I was born in the early 1970s, and was very much the target audience for Star Wars when it originally debuted in 1977. I was old enough to understand the straightforward story of good versus evil, and the exploits were far beyond anything I had ever seen. Of course, in 1977, despite George Lucas relying heavily on the storytelling outlines charted by Joseph Campbell, he combined and altered much of the window dressing to make an original and imaginative experience for virtually all audiences.

Much of what I, and I suspect many others, responded to when I first saw the movie was the unbridled imagination. Walking out of the theater back then, my head was racing with all of these weird and wondrous images. Brand new ideas had been thrown at me every couple of minutes for the previous two hours, and it would take several more repeat viewings before I would be able to really start to understand everything.
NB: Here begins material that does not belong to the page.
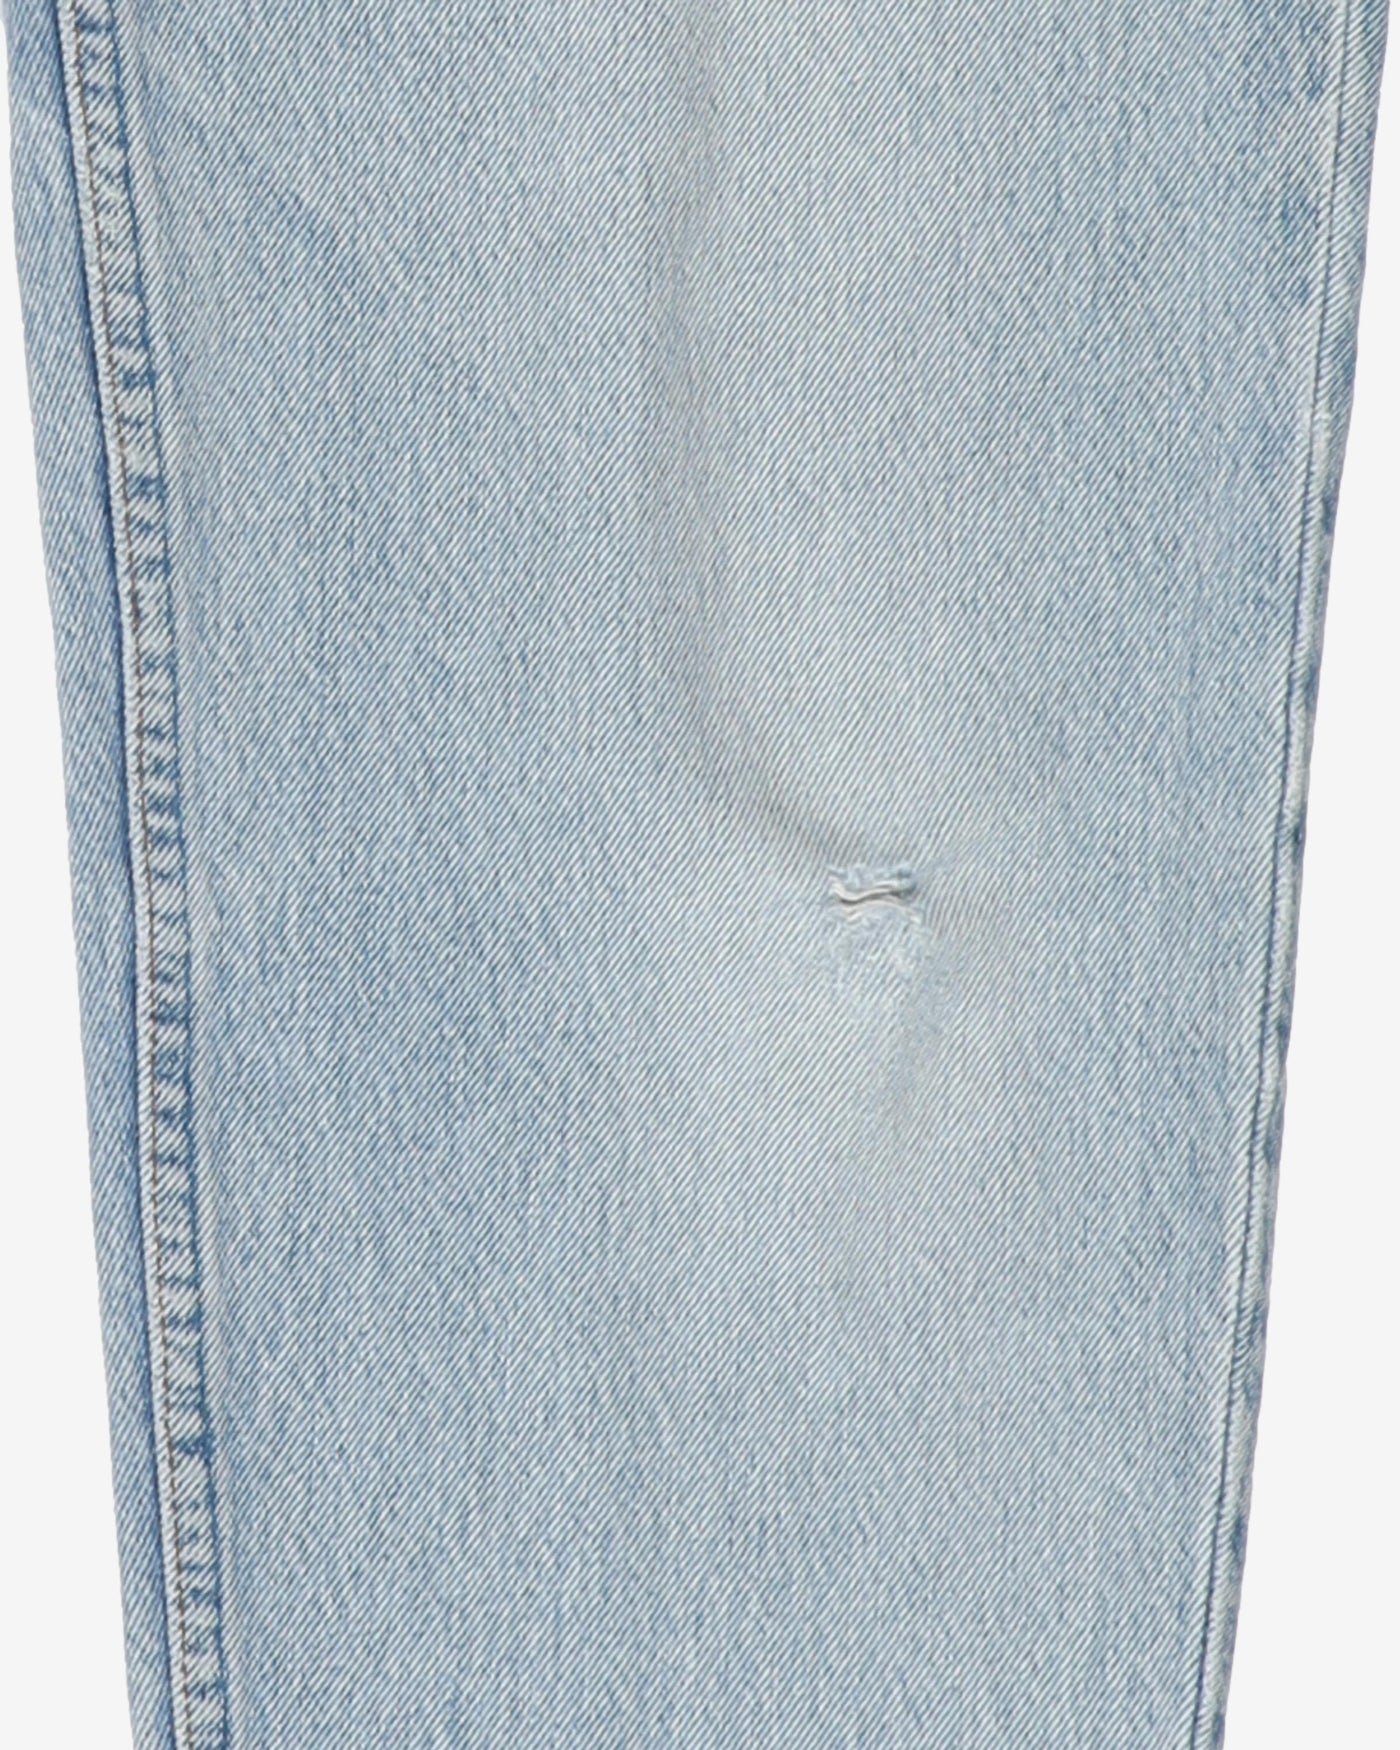 Vintage Blue Stonewash 501 Distressed Levi's Jeans - W28 L25

I remember be wholly mesmerized by the first minute or so of the Cantina scene, where we saw alien after alien after alien, all hanging out and interacting together. In every science fiction piece I’d seen previously, we’d get humans and maybe one other alien species, most of which looked like just another human painted a weird color or sporting pointed ears. But here, Lucas showed that that his universe contained ALL the aliens. Every type you’d every conceived of in one place and, despite a few bad apples, were all content hanging out with one another.

As probably just about any other Star Wars fan, I could go on at length about all the imaginative ideas the movies introduced me to. But I recognize, too, that the law of diminishing returns is in effect here, as well. For all the brilliant ideas in the first movie, some of those were repeated in the second for the sake of continuity. Which absolutely makes sense, but that means that every movie after the first is less impactful for me… from the perspective of the imaginative ideas that I walked away from each film with. A sword made purely out of light is an absolutely incredible concept; making a double-bladed version comes across as decidedly derivative by comparison.

Of course, the brilliance of the Star Wars saga is that, while bombarding the audience with new ideas, you’re also learning to get concerned and care about the characters and their universe. I’m sitting here, several decades removed from reading the opening crawl for the first time, and I’ve seen the movies and cartoons, read the comics, played the video games… there’s almost no way that Episode VII can possibly be as original to me now as Episode IV was to me decades ago. But that speaks to how people like me change the way they act and interact with their fandom of choice. We get hooked initially on the themes and ideas, but keep coming back out of love for the characters. It doesn’t matter if you follow Lucas or Tolkien or Rowling or Whedon or any other creator, but you only interact with the originality of thought and idea rarely lasts beyond the first installment, and you’ll find yourself following the characters throughout your days in fandom.